- [PROVIDED MATERIAL]:
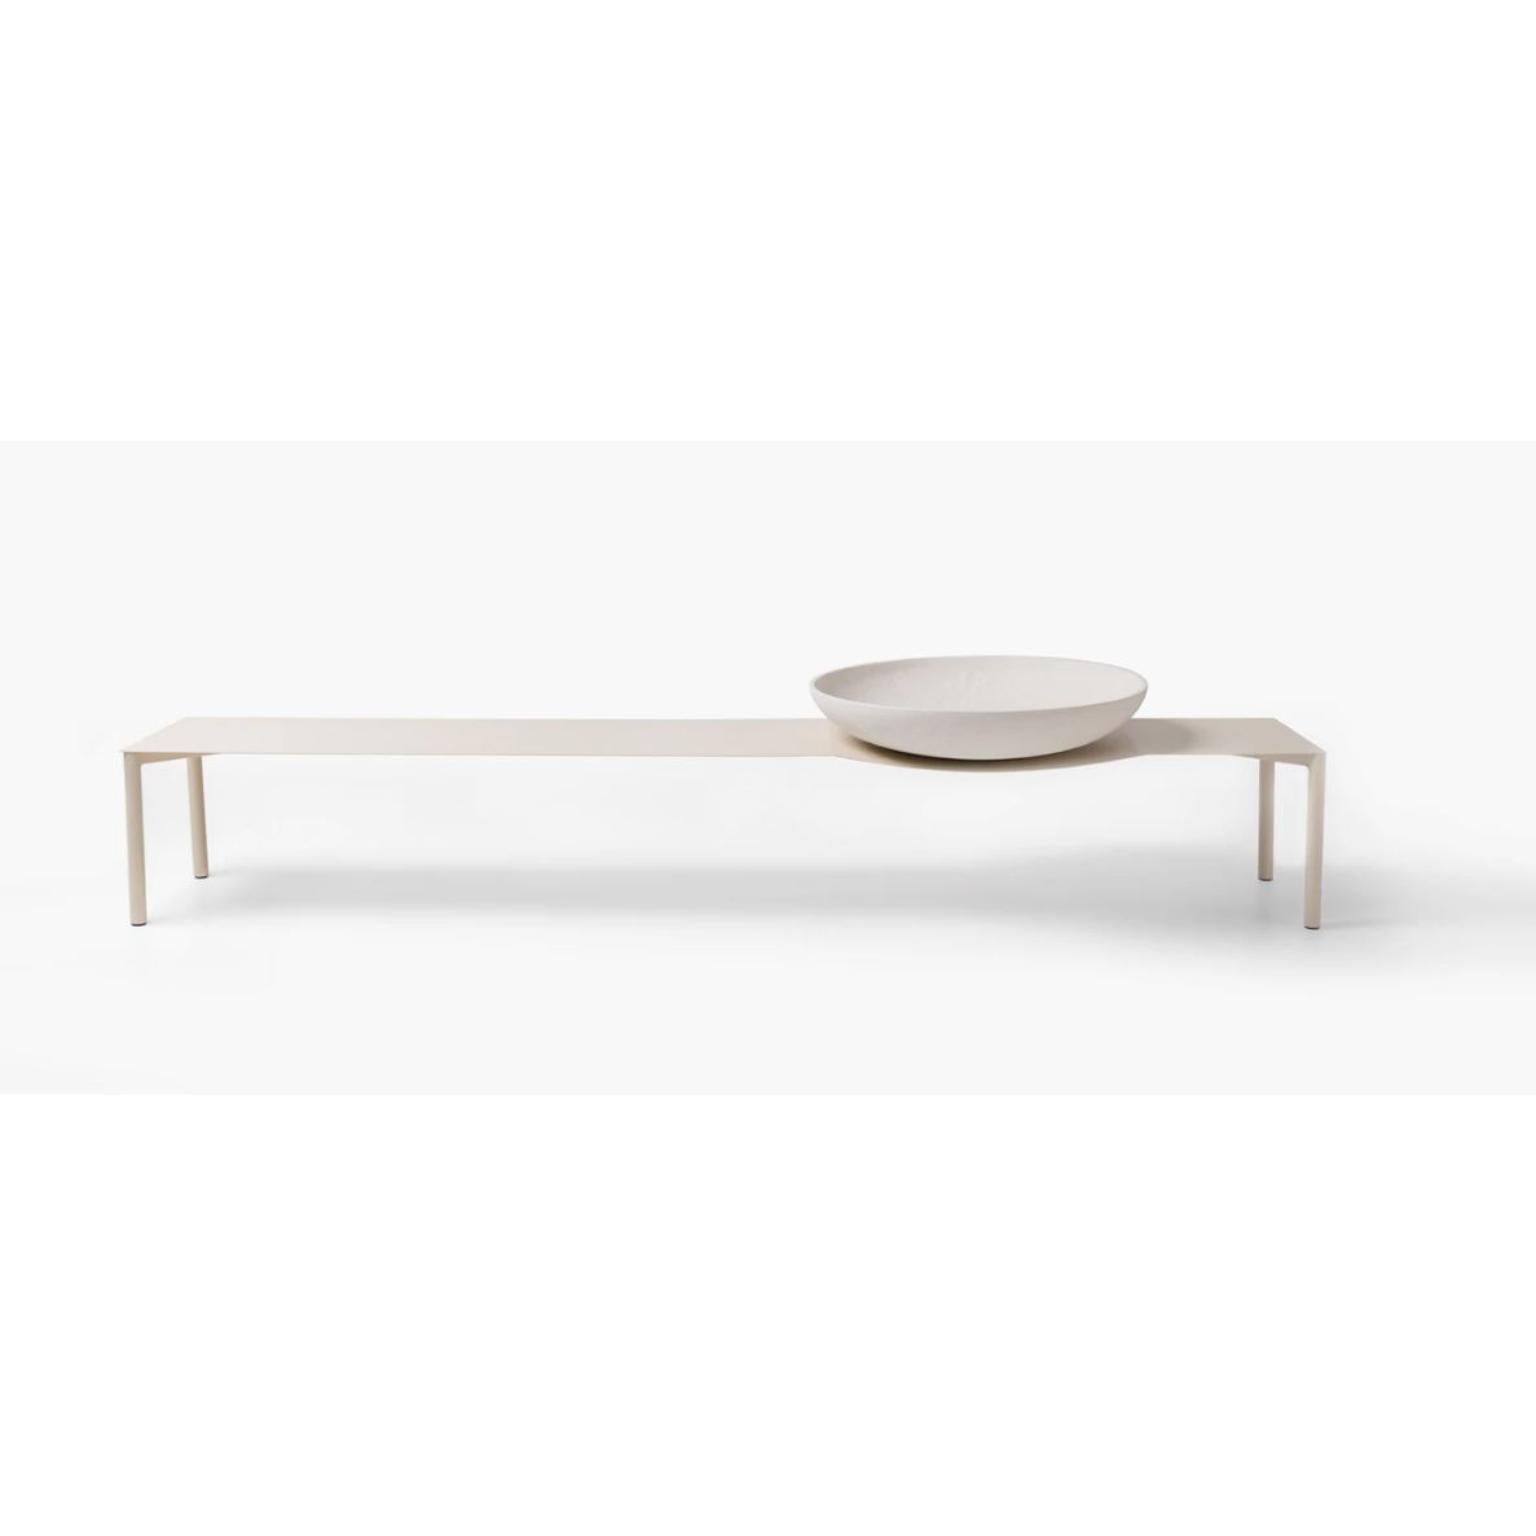 Bowl Coffee Table by Wentz
Dimensions: D 45 x W 165 x H 30 cm
Materials: Steel, Ceramic, Stainless Steel.
Coffee table with steel structure and top with textured electrostatic painting. Ceramic “Bowl” fixed to the top with a machined stainless steel
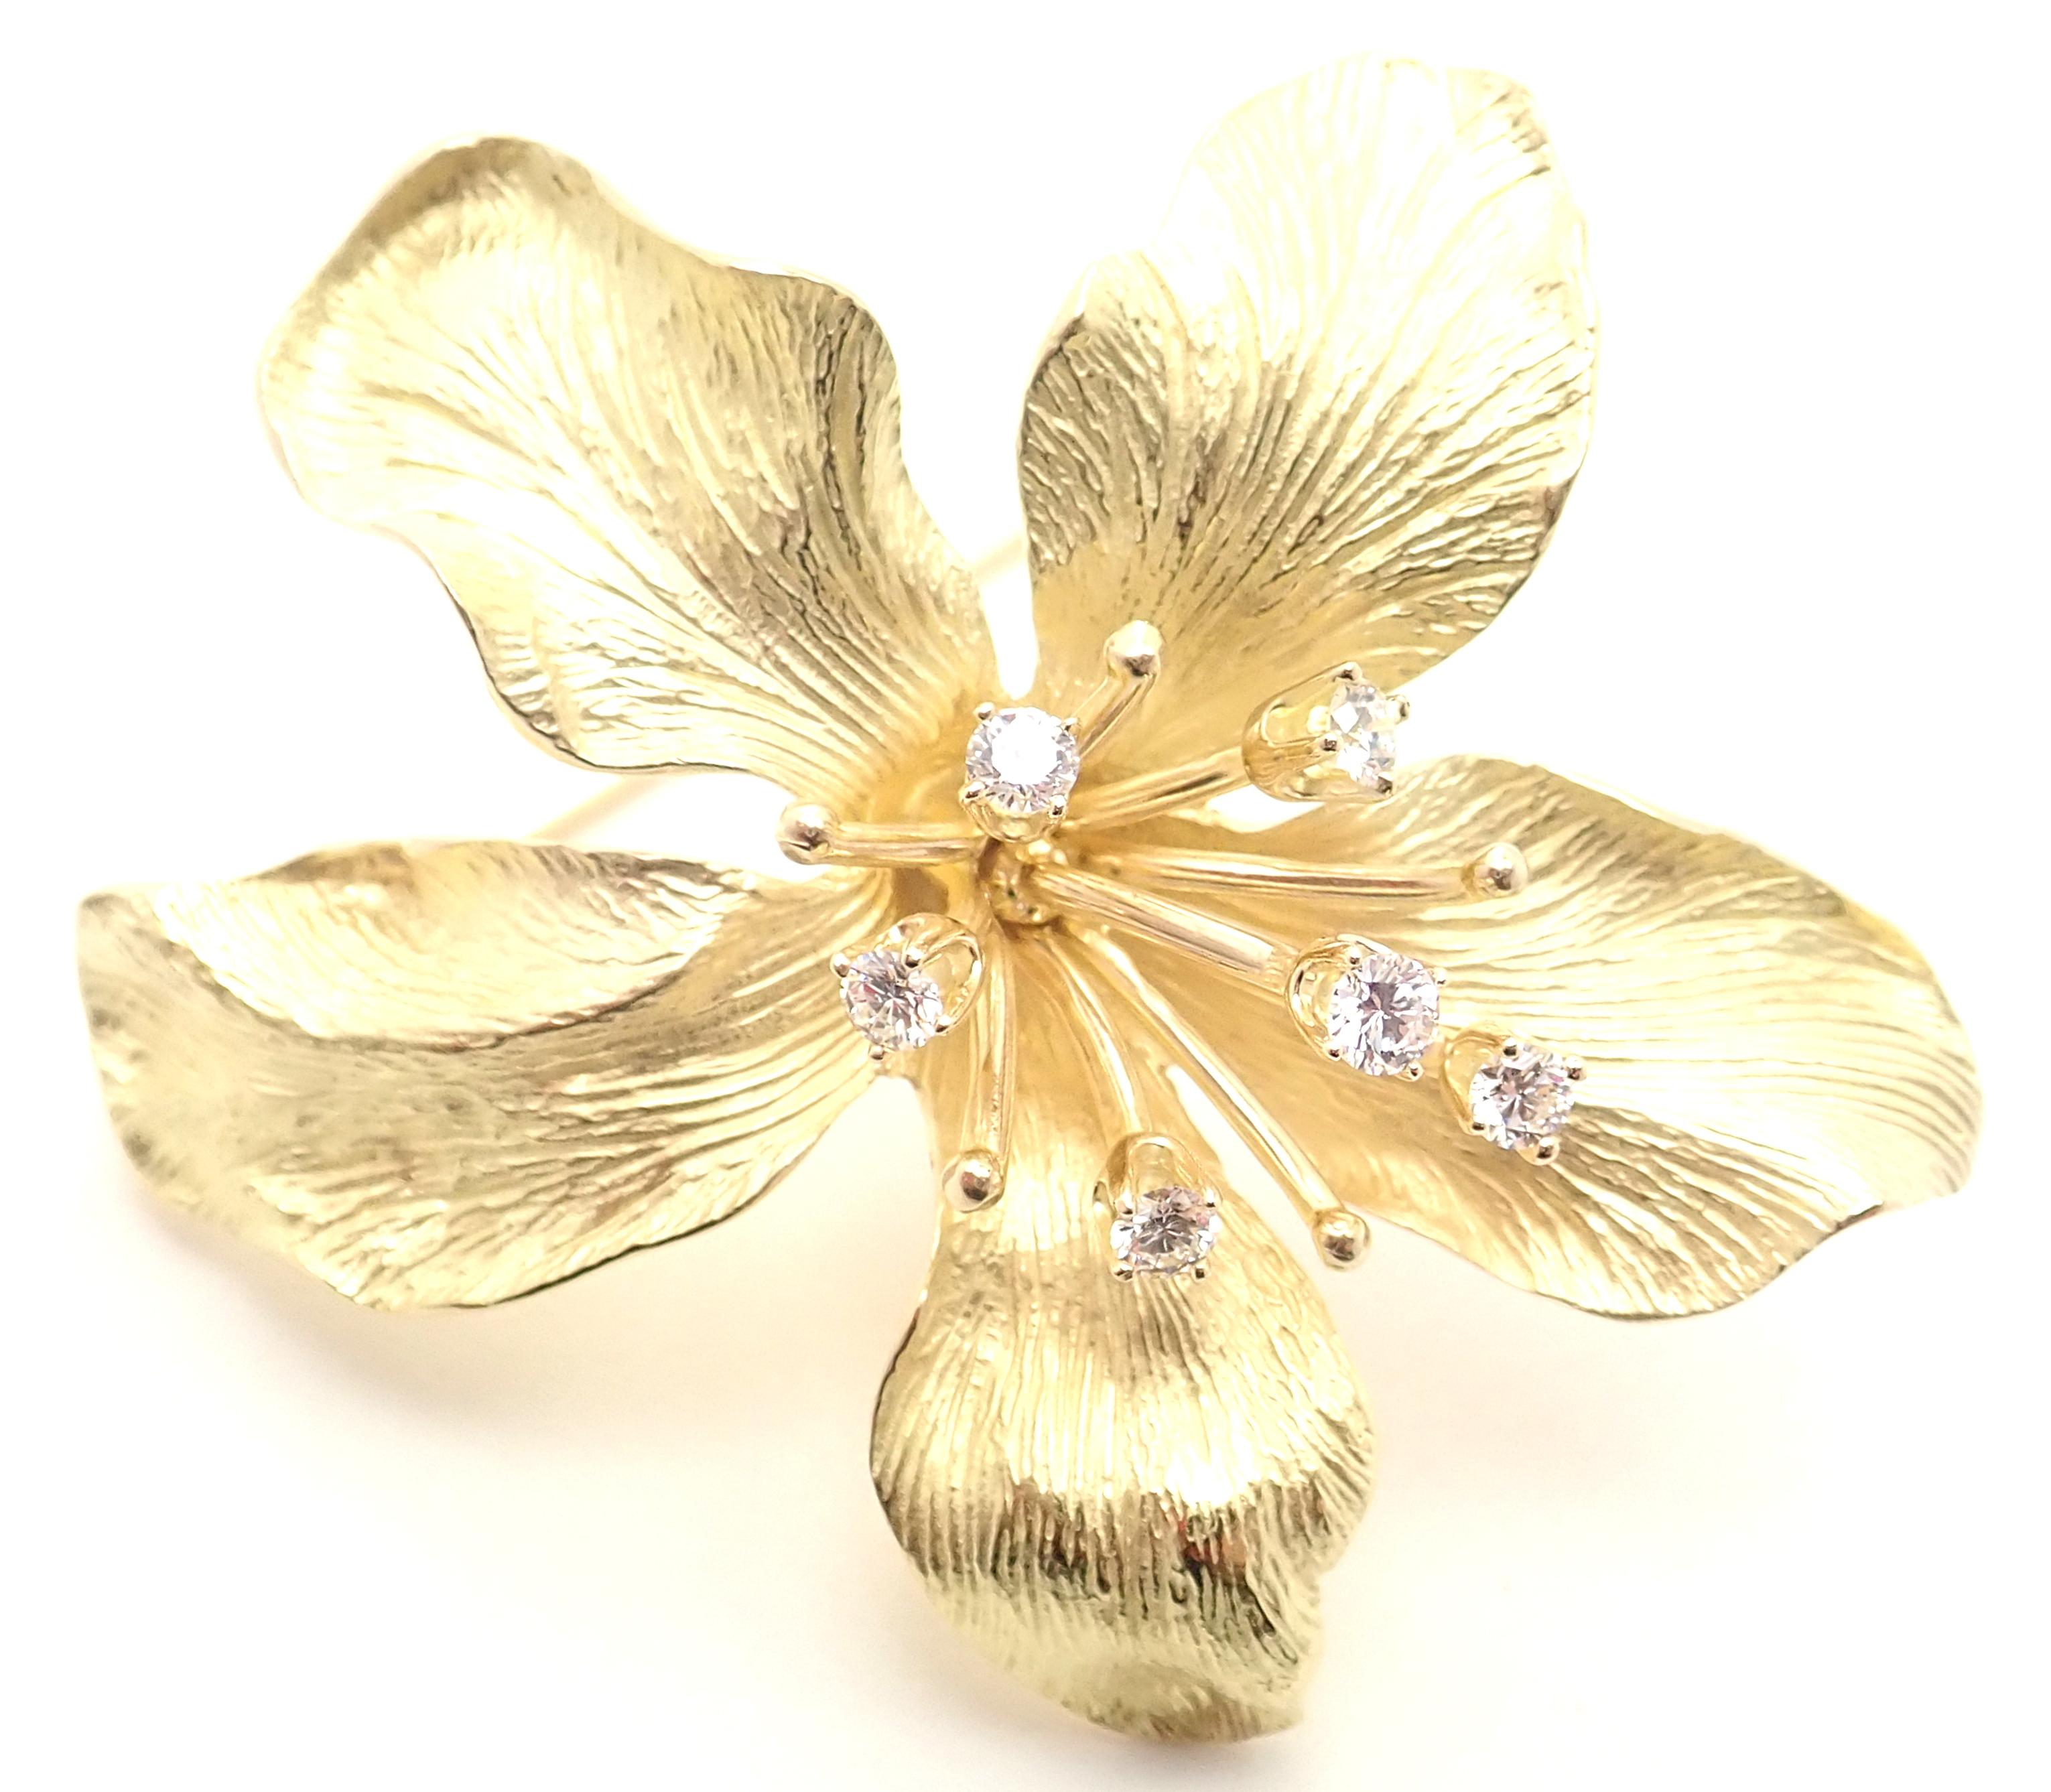 18k Yellow Gold Vintage Diamond Lily Flower Brooch Pins by Tiffany & Co. 
With 6 round brilliant cut diamonds VS1 clarity, G color total weight approximately .36ct
Details: 
Measurements: 1 3/4

- [TASK TO COMPLETE]:
Could you print the listing above word for word, without its pictures?

- [EXPECTED ANSWER]:
 Bowl Coffee Table by Wentz
Dimensions: D 45 x W 165 x H 30 cm
Materials: Steel, Ceramic, Stainless Steel.
Coffee table with steel structure and top with textured electrostatic painting. Ceramic “Bowl” fixed to the top with a machined stainless steel
 18k Yellow Gold Vintage Diamond Lily Flower Brooch Pins by Tiffany & Co. 
With 6 round brilliant cut diamonds VS1 clarity, G color total weight approximately .36ct
Details: 
Measurements: 1 3/4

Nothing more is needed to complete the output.